Neurons come in all shapes and sizes, with different degrees of complexity. If you’ve seen a typical picture of a single neuron then you know it looks like a tree or bush, with a set of root-like branches on one end and a single, long limb-like branch on the other. The latter can branch as well, depending on circumstances. One of those sets of branches – the dendrites – receives inputs from other neurons, and the other – the axon – sends outputs to other neurons. Together with his graduate student Jeff Lichtman, Purves wanted to know how synapse numbers change with development and across different species of animals. Purves and Lichtman started with a simple neuron-to-neuron connection, where the receiving neuron had zero dendrites and the sending neuron’s axons made synapses directly on the receiving neuron’s cell body. To see this, they would surgically remove a tight group of functionally similar neurons, known as a ‘ganglion’, from different animals. They would then carefully fill a few individual neurons with a special enzyme. When this enzyme is then given a chemical to react with, it produces a colour. This colouring allows the neuron to be visualised under a microscope in its full glory – all their branches can be seen and counted. (Imagine a microscopic glass-blown tentacled creature being filled with ink and then counting its appendages.)

The brain and body constitute a single, coherent and dynamic network; there is no way to separate them

The end of each branch represents a synaptic connection. Comparing connections in developing rats versus adults, they found that neurons initially received a few synapses from a number of different neurons. In a sense, the circuits were tangled up in young rats. By the time the rats were adults, each neuron had many synapses but only from one neuron – the circuit was untangled. How did this happen? Akin to the process of eliminating extra neurons based on target size, there was a process of elimination of superfluous connections from some neurons. Then there was an additional process of multiplication (or elaboration) of connections coming from the ‘correct’ (so to speak) neuron. In essence, once neurons could find the right partners by getting rid of the less desirable ones, their relationship could blossom in the form of additional synapses. Purves and Lichtman then replicated this basic finding with increasingly complex sets of neurons and in other species.

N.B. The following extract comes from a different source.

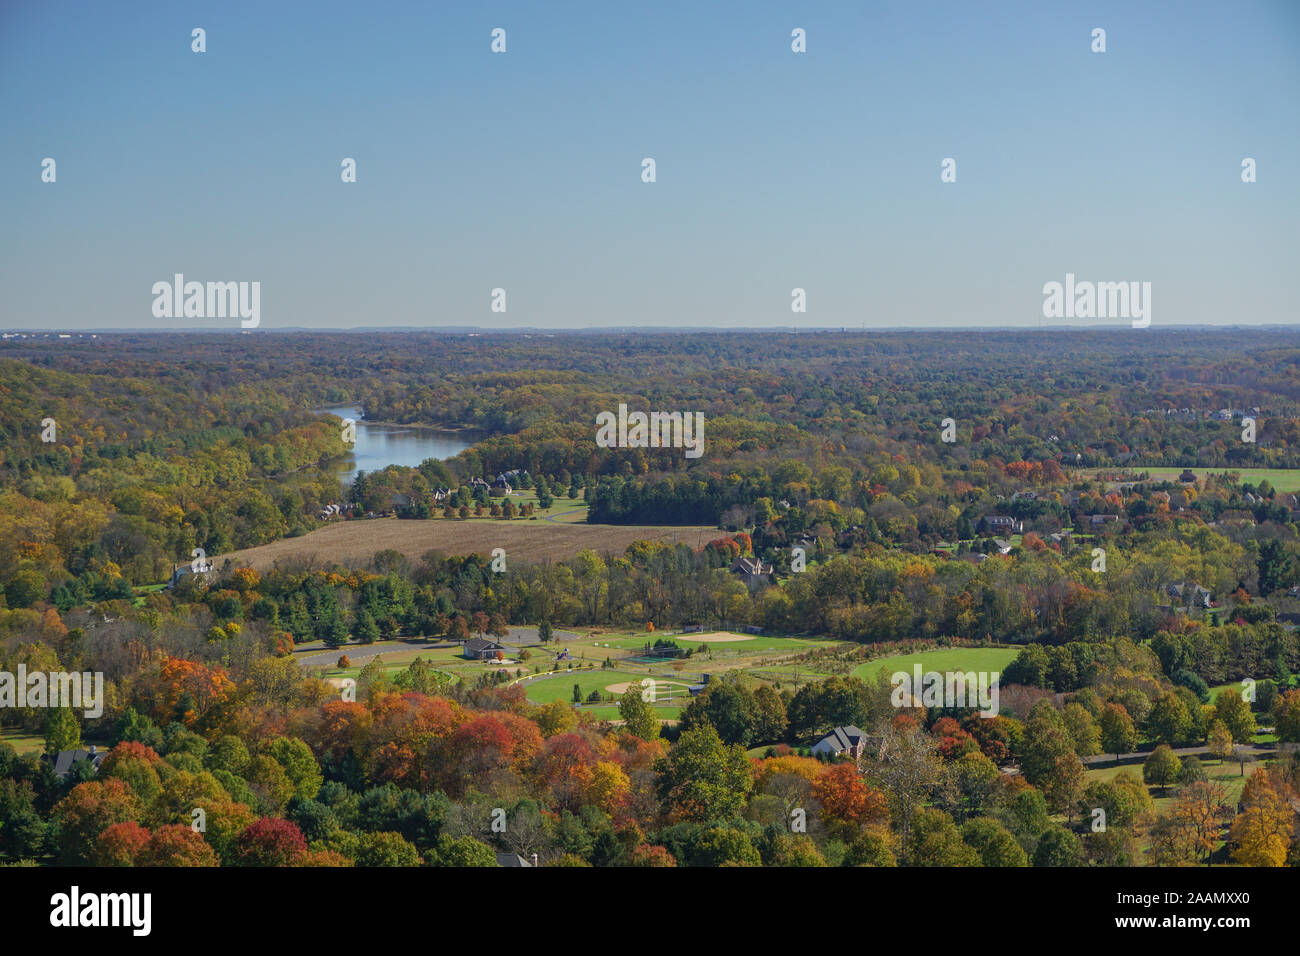 Washington Crossing, PA: View of the Delaware River and Pennsylvania countryside from Bowman's Hill Tower in Washington Crossing Historic Park. Stock Photo

Before we get lost in the weeds, here’s the bottom line: trophic interactions between neurons match the number of neurons to the target size, and these interactions also regulate how many synapses they make. The grander theory is this: each class of cells in a neural pathway is supporting and regulating the connections it receives by trophic interactions with the cells it’s connected to down the line. Thus, a coordinated chain of connectivity extends from neuronal connections with the body’s muscles and organs to connections among neurons within the brain itself. The brain and body constitute a single, coherent and dynamic network; there is no way to separate them. They depend on each other at every level.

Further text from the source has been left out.